Infect Dis Ther. 2021 Jul 11. doi: 10.1007/s40121-021-00488-6. Online ahead of print.
INTRODUCTION: Tocilizumab randomized clinical trial results are heterogeneous because of the heterogenous population included in them.
METHODS: We conducted a meta-analysis with subgroup meta-analysis (PRISMA guidelines) between severe and non-severe COVID-19.
RESULTS: We included nine trials. Overall, the mortality rate was 24.5% (821/3357) in the tocilizumab group and 29.1% (908/3125) in the control group at day 28-30 (pooled OR, 0.85; 95% CI 0.76-0.96; p = 0.006). Considering the subgroup analysis, this benefit on mortality was confirmed and amplified in the severe COVID-19 group (pooled OR, 0.82; 95% CI 0.73-0.93; p = 0.001) but not in the non-severe COVID-19 group (pooled OR, 1.46; 95% CI 0.91-2.34; p = 0.12).
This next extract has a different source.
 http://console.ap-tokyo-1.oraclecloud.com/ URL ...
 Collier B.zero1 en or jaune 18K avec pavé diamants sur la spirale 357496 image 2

For patients who were not mechanically ventilated at baseline (5523/6482), the pooled OR (0.74; 95% CI 0.64-0.85; p < 0.0001) for mechanical ventilation incidence at day 28-30 was in favor of tocilizumab (cumulative incidence of 14.8% versus 19.4% in tocilizumab and control arm, respectively). This benefit was confirmed in both subgroups, i.e., severe and non-severe COVID-19.
CONCLUSION: Tocilizumab is an effective treatment in hospitalized patients with COVID-19 and hypoxemia by improving survival and decreasing mechanical ventilation requirement. The greatest benefit is observed in severe COVID-19.